2018-04-23T21:00:00Z

by Marcela Tabares, Mario Ortiz, Mabel Gonzalez, Chiara Carazzone, Martha J. Vives Florez, Jorge Molina

Background

Previous studies have demonstrated the role of volatile organic compounds (VOCs) produced by skin microbiota in the attraction of mosquitoes to humans.

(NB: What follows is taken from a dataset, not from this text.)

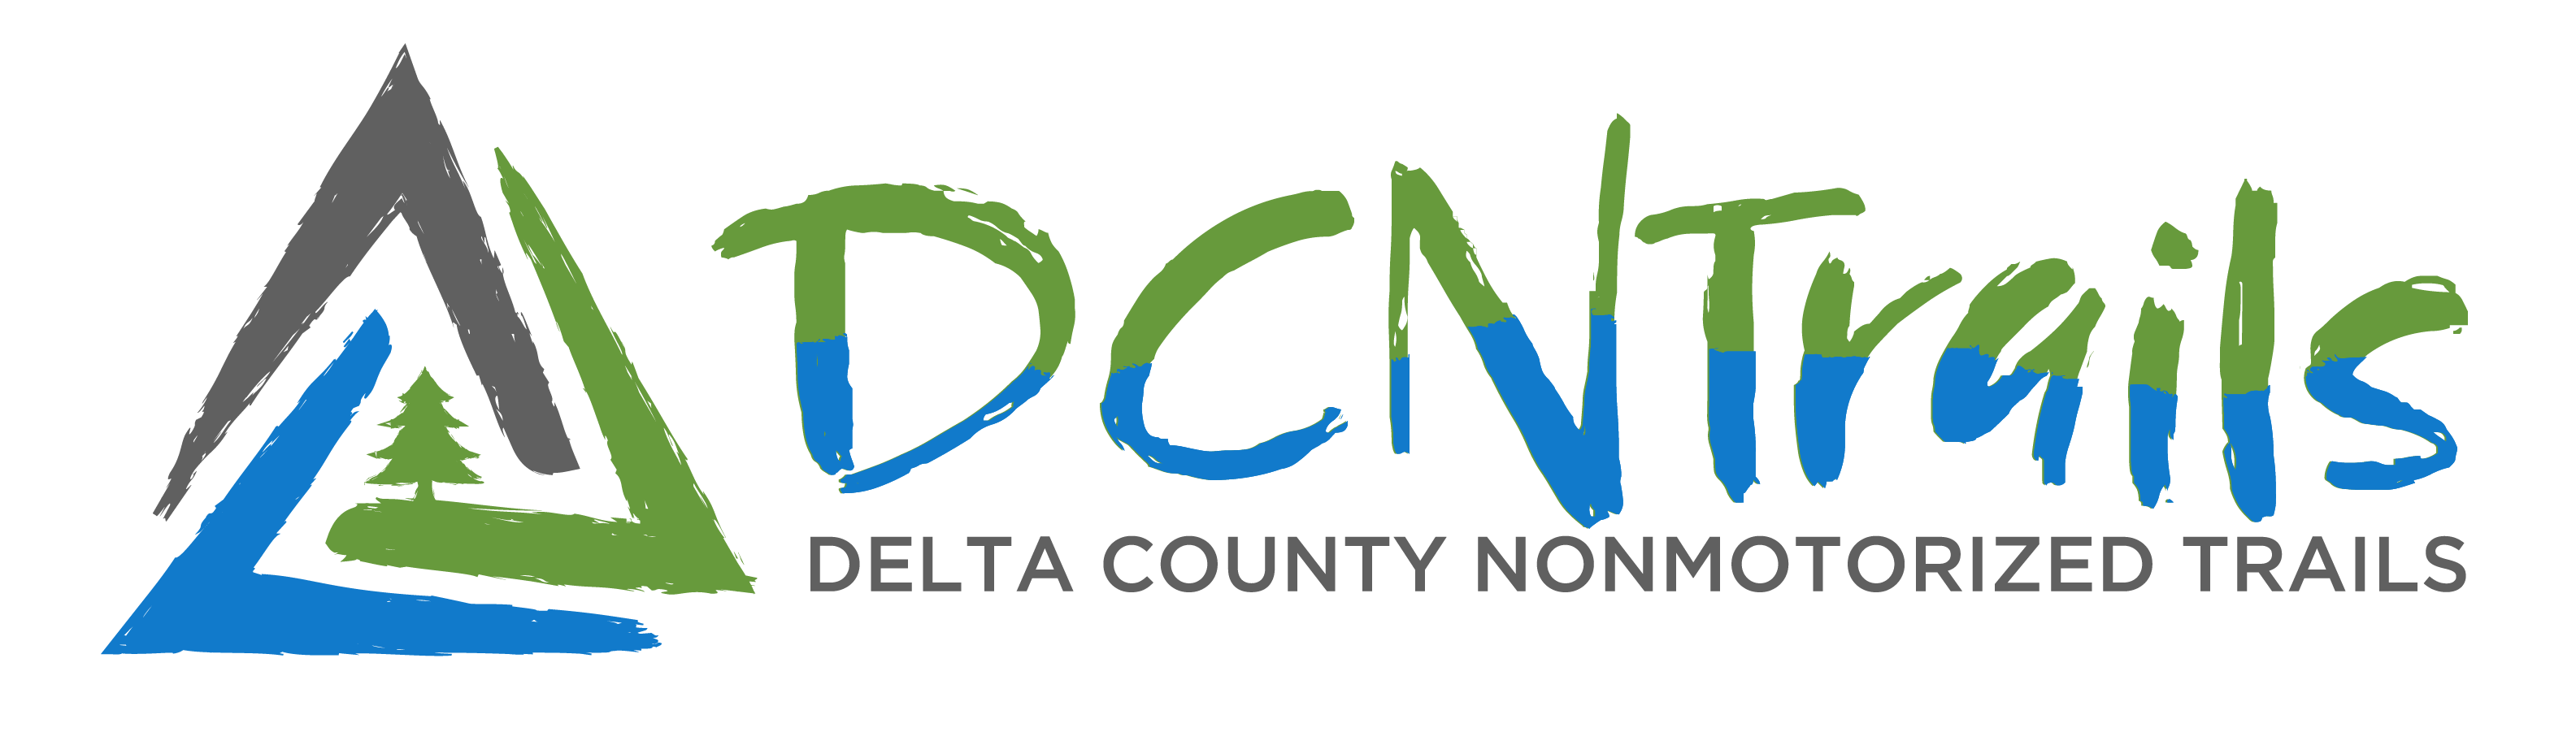 Delta County Nonmotorized Trails

Recently, behavioral experiments confirmed the importance of VOCs released by skin microbiota in the attraction of Rhodnius prolixus (Hemiptera: Triatominae), a vector of Chagas disease.

Methods/Findings

In this study, we screened for VOCs released in vitro by bacteria isolated from human facial skin that were able to elicit behavioral responses in R. prolixus. The VOCs released in vitro by eight bacterial species during two growth phases were tested with adult Rhodnius prolixus insects using a dual-choice “T”-shaped olfactometer. In addition, the VOCs released by the bacteria were analyzed with headspace solid-phase microextraction gas chromatography-mass spectrometry (HS-SPME-GC-MS). The VOCs produced by Staphylococcus capitis 11C, Staphylococcus warneri and Staphylococcus epidermidis 1 were attractive to R. prolixus, while the VOCs released by Citrobacter koseri 6P, Brevibacterium epidermidis and Micrococcus luteus 23 were non-attractive.

Conclusions

The results shown here indicate that VOCs released by bacteria isolated from human facial skin have a potential for biotechnological uses as a strategy to prevent the vectorial transmission of Chagas disease mediated by Rhodnius prolixus.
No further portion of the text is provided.